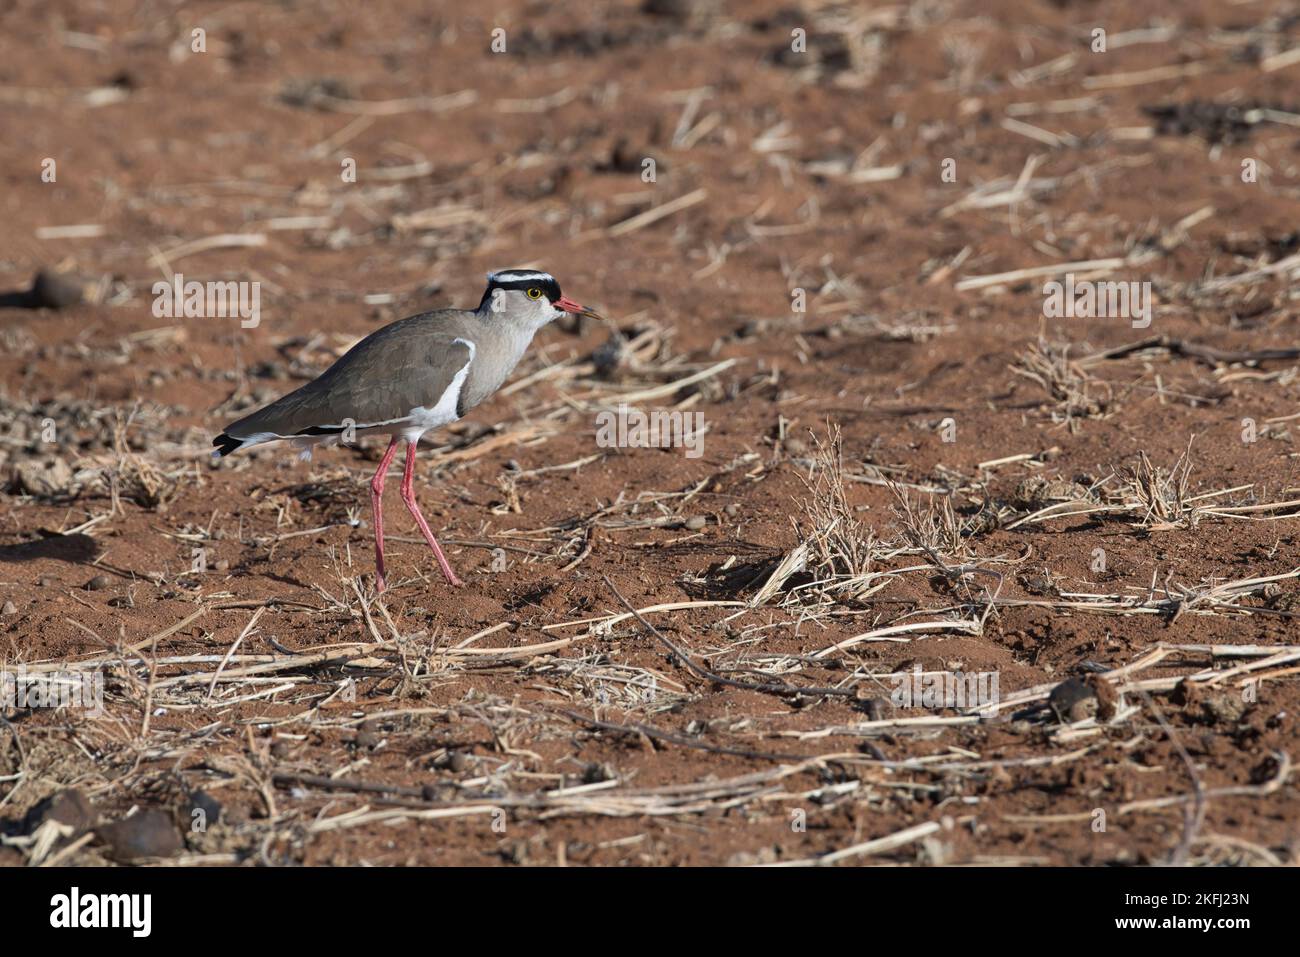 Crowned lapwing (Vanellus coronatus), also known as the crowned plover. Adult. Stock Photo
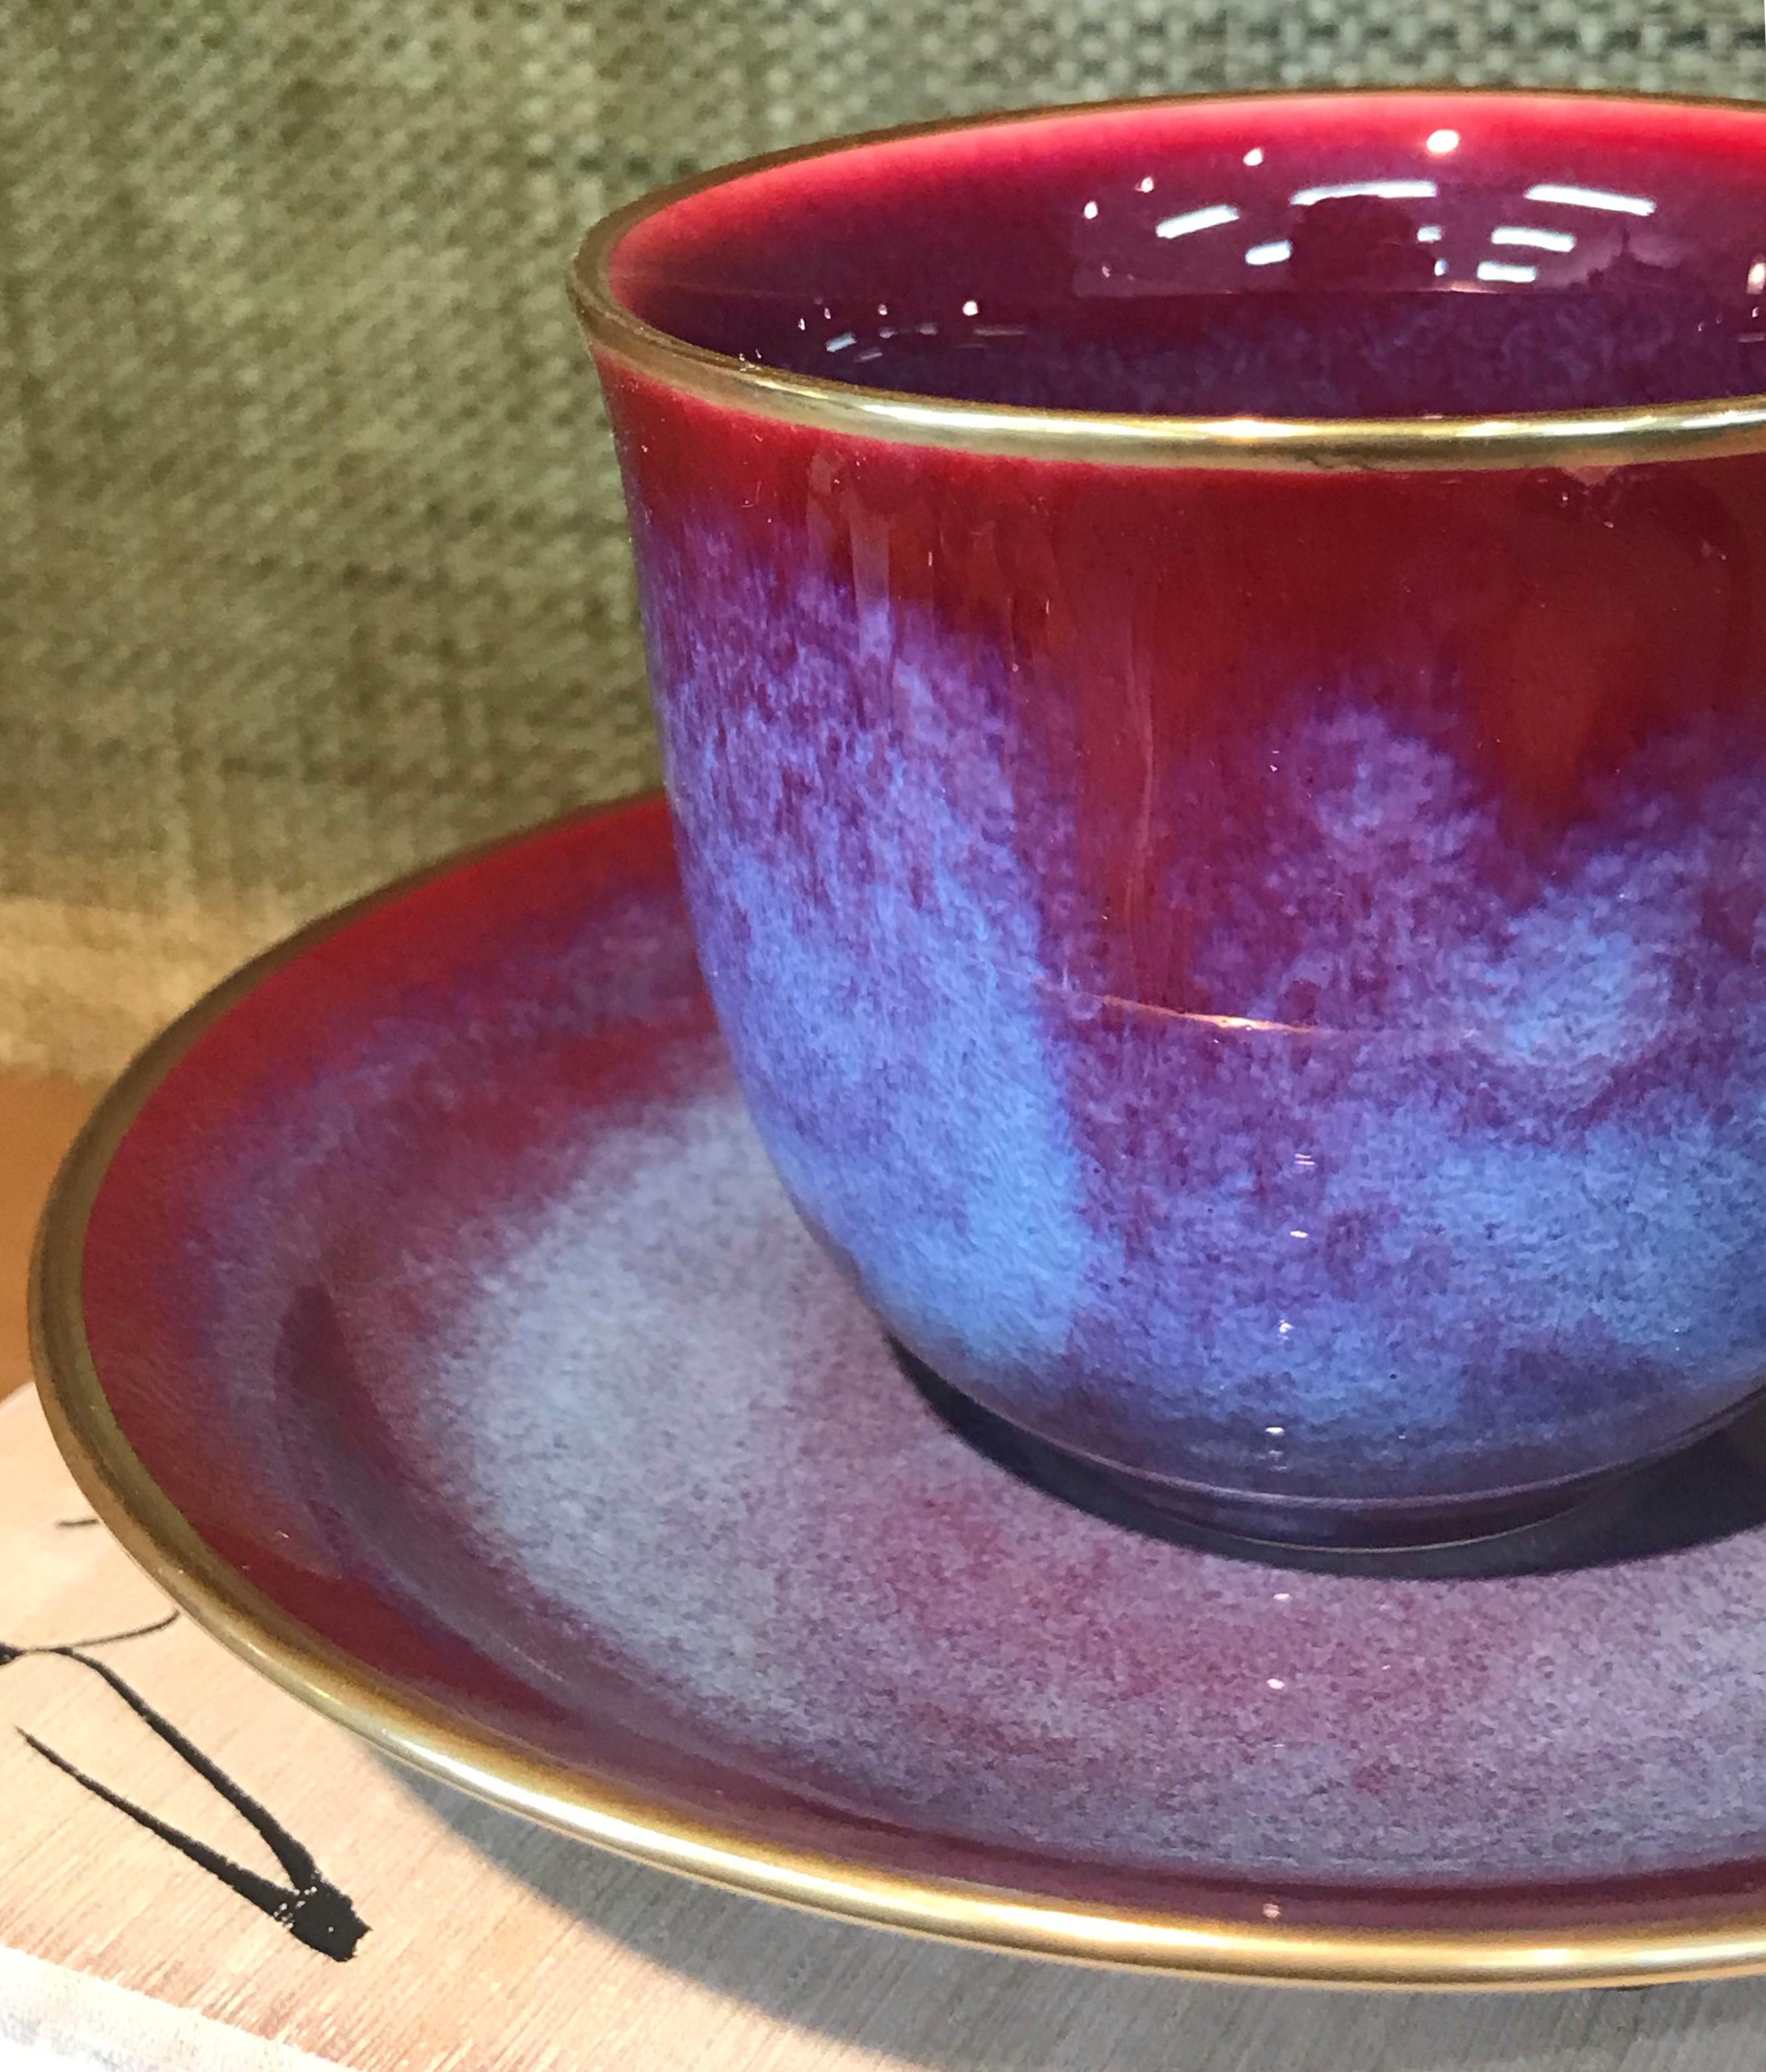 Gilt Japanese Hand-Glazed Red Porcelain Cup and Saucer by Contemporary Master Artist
------
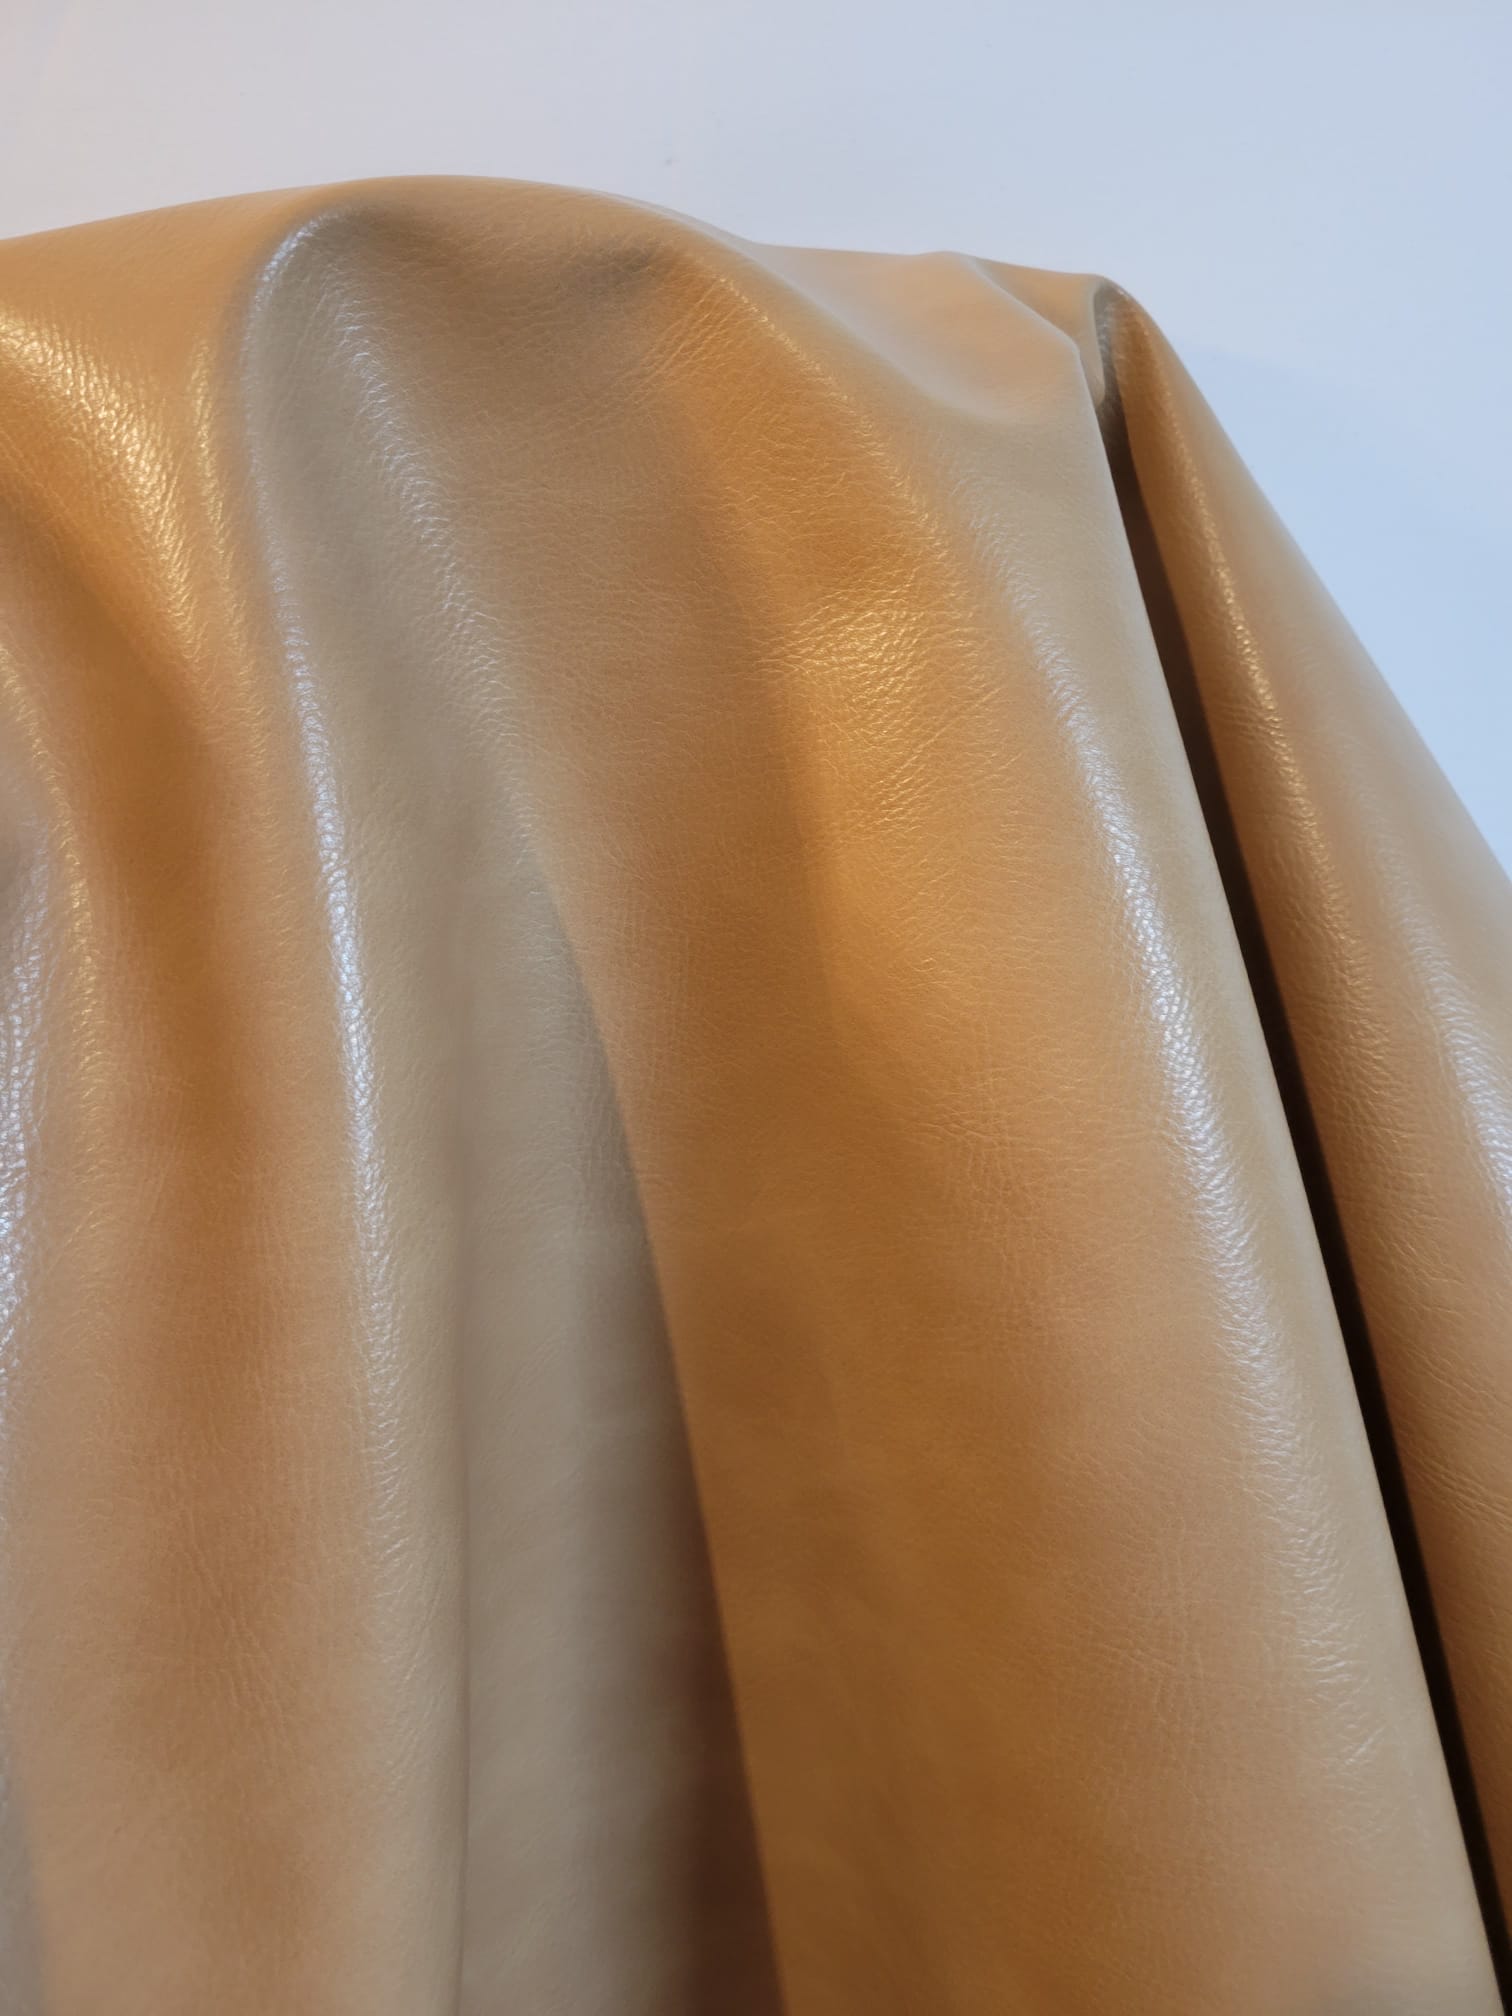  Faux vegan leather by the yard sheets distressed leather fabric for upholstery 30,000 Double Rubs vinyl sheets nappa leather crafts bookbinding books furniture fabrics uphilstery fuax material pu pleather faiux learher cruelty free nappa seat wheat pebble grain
------
From the data above, return exactly the lines from the one with "Crowned lapwing (Vanellus" up to and including the one with "Gilt Japanese Hand-Glazed". Pictures do not go in the copy.

 Crowned lapwing (Vanellus coronatus), also known as the crowned plover. Adult. Stock Photo
 Gilt Japanese Hand-Glazed Red Porcelain Cup and Saucer by Contemporary Master Artist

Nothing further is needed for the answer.